The question is put to Andy Griffin, a supporter of President Bush from Canton, Ohio, after a Bush rally here. On Election Day, will his vote be for Bush or against Democrat John F. Kerry?

"It's 100 percent for Bush," says Griffin, a 22-year-old accountant. "It wouldn't matter who he's running against, unless it was my dad."

A day later and 50 miles to the east, the same question is put to Jack Saling, a Kerry supporter waiting for the Massachusetts senator to arrive in Youngstown for an event. "It's 50-50," says Saling, a veteran and retired trucker. "I've never followed Kerry that much, but we need a change, a serious change."

Those responses, typical of the partisans at Bush and Kerry events across the country, say much about the passions that define the 2004 elections: The Republican faithful love their candidate; the Democratic faithful have less such enthusiasm for Kerry but know he is their vessel for defeating Bush -- about which they are passionate.

The difference explains why crowds at Bush rallies, though similar in size to those at Kerry events, have been more energetic. The reception for Kerry is warm at Democratic events; the reception for Bush at GOP events is akin to that of a rock star. The different motivation of Kerry and Bush supporters also explains the difference in campaigning styles between the two presidential contenders. Bush's stump speech is packed with appeals to his conservative supporters; his biggest applause lines are typically his call for limits on jury awards and his opposition to gay marriage. Kerry's speech is full of economic facts and figures and paeans to the middle class; he typically gets his best reactions when he mentions job losses and criticizes Bush's honesty.

A couple of days spent with each candidate last week -- including a day each here in Ohio -- indicated a clear difference in approach as they entered their final month of campaigning. Following the Bush campaign's calculation that the election will be determined more by the turnout of each party's faithful, Bush's speeches and their settings are largely emotional celebrations of conservatism. The Kerry campaign, figuring the election will be determined as much by centrist "swing voters," is making more of an overt appeal to the middle class.

The theme even comes through in the music that greets each candidate's arrival; Bush enters to the Brooks & Dunn tune "Only in America." The other country music tune to introduce Bush is George Strait's "Heartland." Both appeal to the country music lovers in pro-GOP "red states." Kerry's introductory song is working-class hero Bruce Springsteen's "No Surrender."

The crowds amplify the differences, too. Tickets to Bush events, distributed by the Republican Party, go only to those who volunteer or donate to the party or, in some cases, sign an endorsement of the GOP ticket and provide names and addresses; party workers police the crowds for signs of Kerry supporters, who have been evicted. The Bush crowds tend to be a mix of religious conservatives and businessmen. Kerry's campaign, too, distributes tickets, often through labor unions, although there is little effort made to determine ideological purity. "I trust nobody here had to sign a loyalty oath to get in," Kerry likes to say before taking questions from the crowd.

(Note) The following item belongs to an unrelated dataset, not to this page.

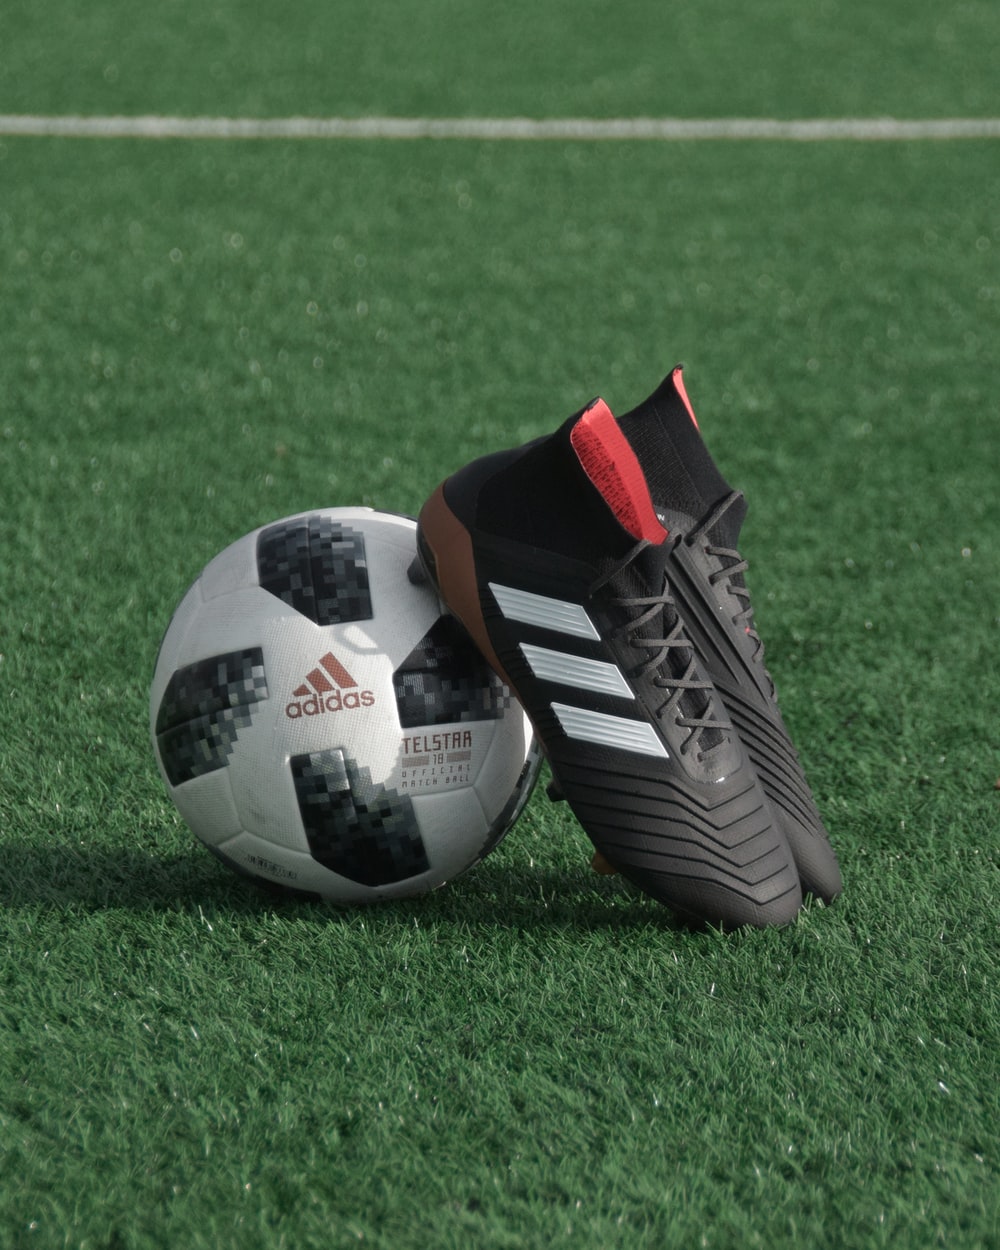 black adidas cleats lean on white and black adidas soccer ball on green grass photo

Bush, the more polarizing figure, tends to draw far more demonstrators. Hundreds of protesters waving Kerry-Edwards signs are common outside Bush events, while Kerry draws smaller and less organized protests, with homemade signs such as one in Youngstown proclaiming a verse from James 1:8: "A double minded man is unstable in all his ways."

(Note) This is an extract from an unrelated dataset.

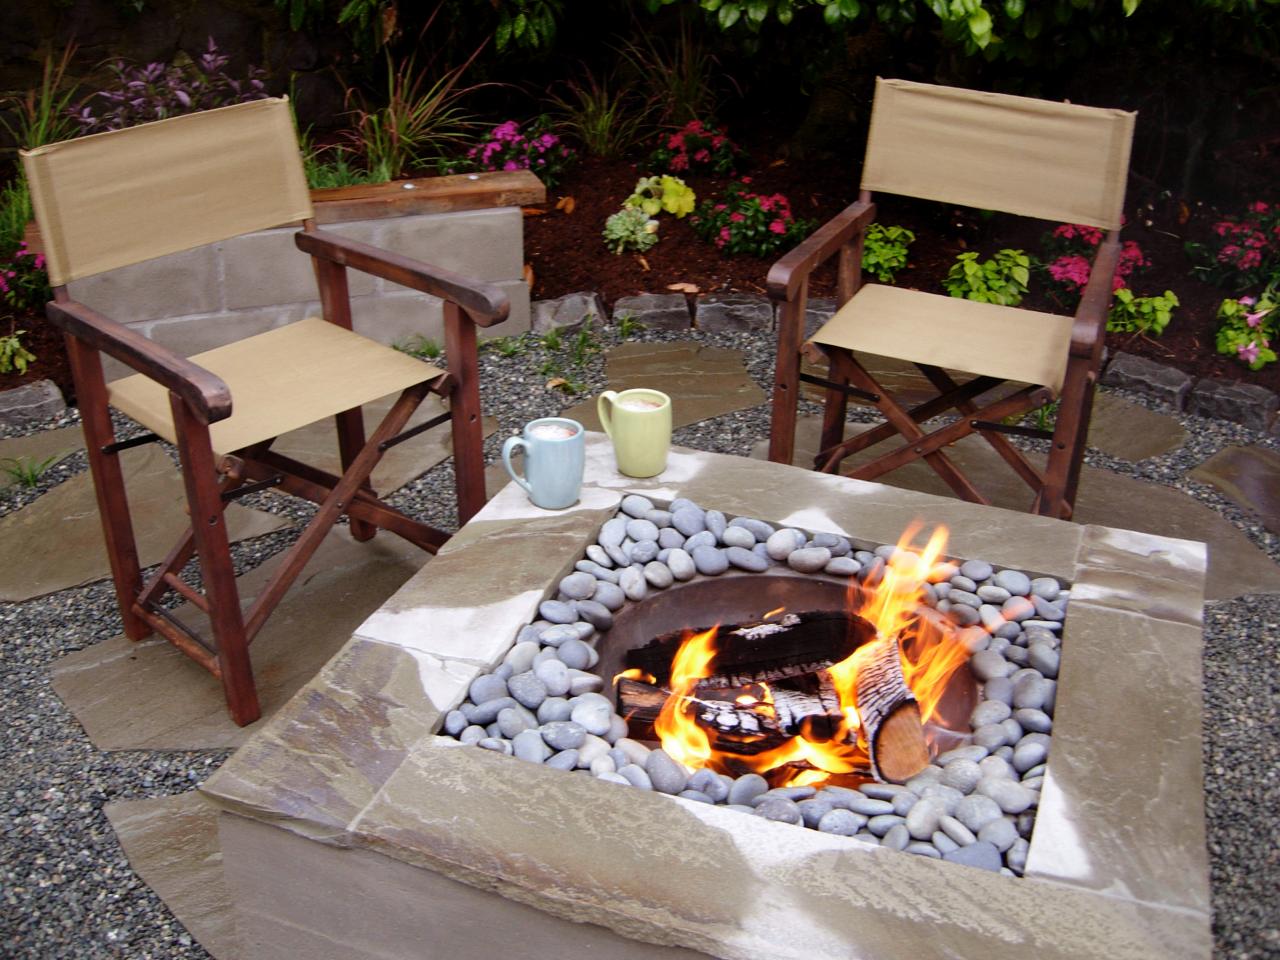 How To Make A Concrete Fire Feature, How To Make A Portable Outdoor Fire Pit

Some differences are unsurprising and fit the candidates' stereotypes: Bush is mechanized and punctual; Kerry dawdles and pursues a more leisurely public schedule. Other contrasts are unexpected.

Stump speeches evolve from day to day, of course. But Bush is reliably folksy and colloquial while Kerry is routinely formal and scholarly. Bush rarely varies his speech by more than a few words; Kerry's frequent, meandering digressions give his aides fits. Bush makes terrorism the overarching theme of his remarks and portrays firm leadership as his most important trait. Kerry ties together his speech with a theme of economic populism, and honesty is the trait he emphasizes most. Bush's speech is largely a defense of his record in office, punctuated by barbs at Kerry. Kerry's speech is above all an indictment of Bush's record, with less emphasis on how he would do things better.

The heart of Bush's speech is its second half -- terrorism and the threat to Americans. "We are striking the terrorists abroad so we do not have to face them here at home," the president says. But it is Bush's recitation of a social-conservative creed that generally draws his loudest applause. "We believe in a culture of life in which every person matters and every being counts," he often says. "We stand for marriage and family, which are the foundations of our society. We stand for the appointment of federal judges who know the difference between personal opinion and the strict interpretation of the law."

If Bush's speech blends an appeal to his economic and religious base with a heavy emphasis on the dangers of terrorism, Kerry repeatedly contends that Bush's "wrong choices" have harmed the middle class, and he proposes a populist-sounding "new direction."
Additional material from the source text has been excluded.